QASCの精度は68.3%から88.5%で、最先端の手法よりも5%以上高い。
この研究は、IoTネットワークにインテリジェントな音響センサーを配置する方法を開拓し、スマートホーム、産業監視、環境監視に応用する可能性がある。
- 参考スコア(独自算出の注目度): 1.3045945456375774
- License:
- Abstract: The proliferation of Internet of Things (IoT) devices equipped with acoustic sensors necessitates robust acoustic scene classification (ASC) capabilities, even in noisy and data-limited environments. Traditional machine learning methods often struggle to generalize effectively under such conditions. To address this, we introduce Q-ASC, a novel Quantum-Inspired Acoustic Scene Classifier that leverages the power of quantum-inspired transformers. By integrating quantum concepts like superposition and entanglement, Q-ASC achieves superior feature learning and enhanced noise resilience compared to classical models. Furthermore, we introduce a Quantum Variational Autoencoder (QVAE) based data augmentation technique to mitigate the challenge of limited labeled data in IoT deployments.

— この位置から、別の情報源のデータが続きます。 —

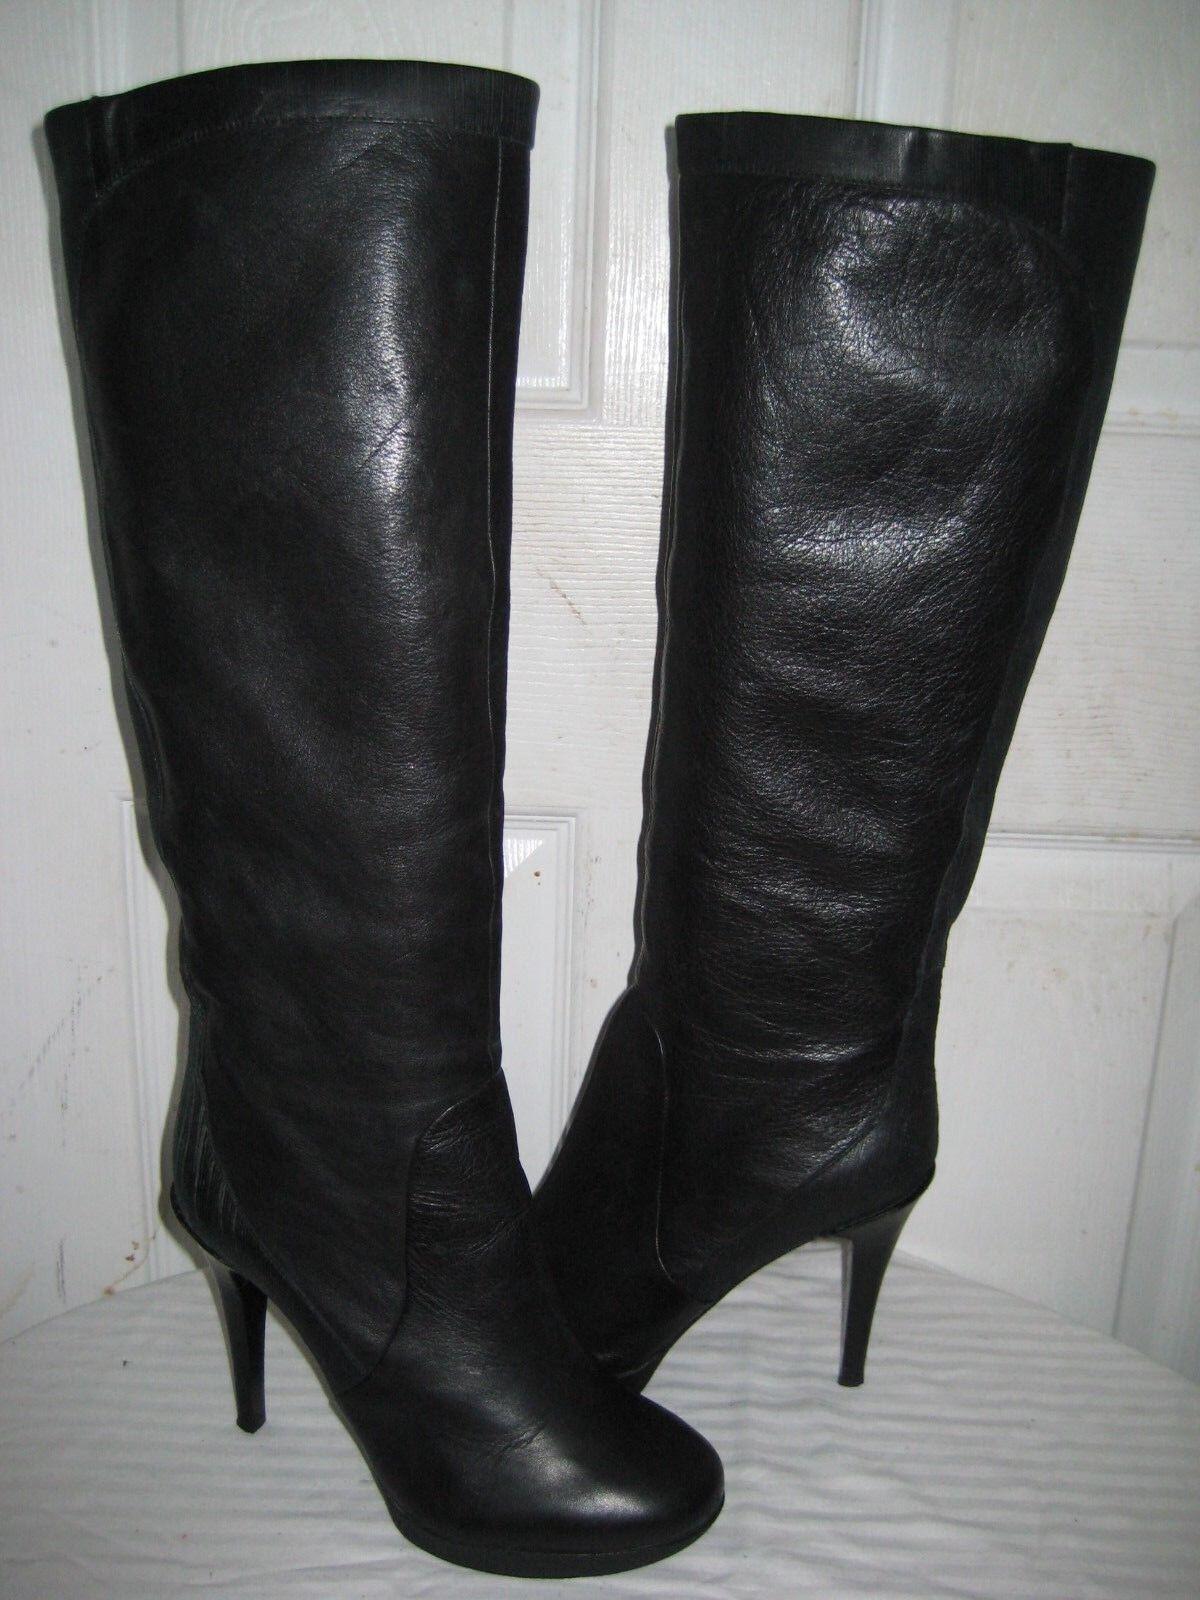 nuevo listado Modern Vintage Noelle Cuero Negro botas a la rodilla rodilla rodilla hign mujer zapatos  7.5  Ahorre hasta un 70% de descuento.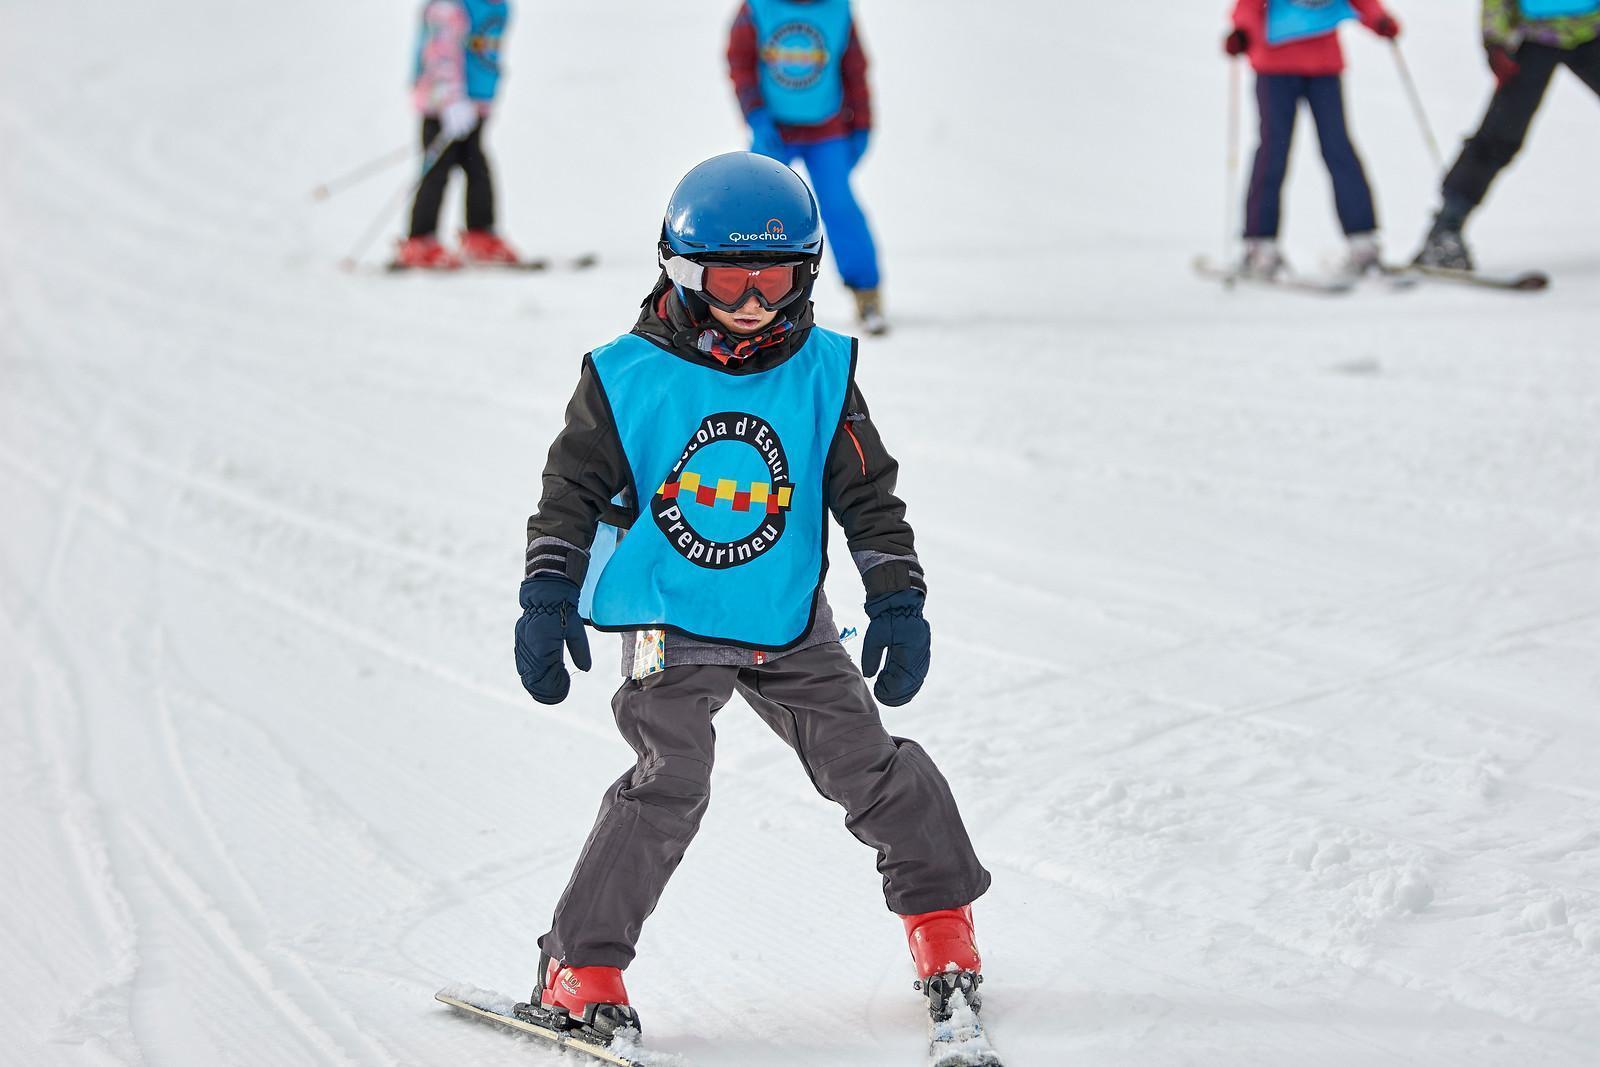 Bautizo de esquí (de 4 a 6 años) en Tavascan

Extensive evaluations on the Tampere University of Technology (TUT) Acoustic Scenes 2016 benchmark dataset demonstrate that Q-ASC achieves remarkable accuracy between 68.3% and 88.5% under challenging conditions, outperforming state-of-the-art methods by over 5% in the best case. This research paves the way for deploying intelligent acoustic sensing in IoT networks, with potential applications in smart homes, industrial monitoring, and environmental surveillance, even in adverse acoustic environments.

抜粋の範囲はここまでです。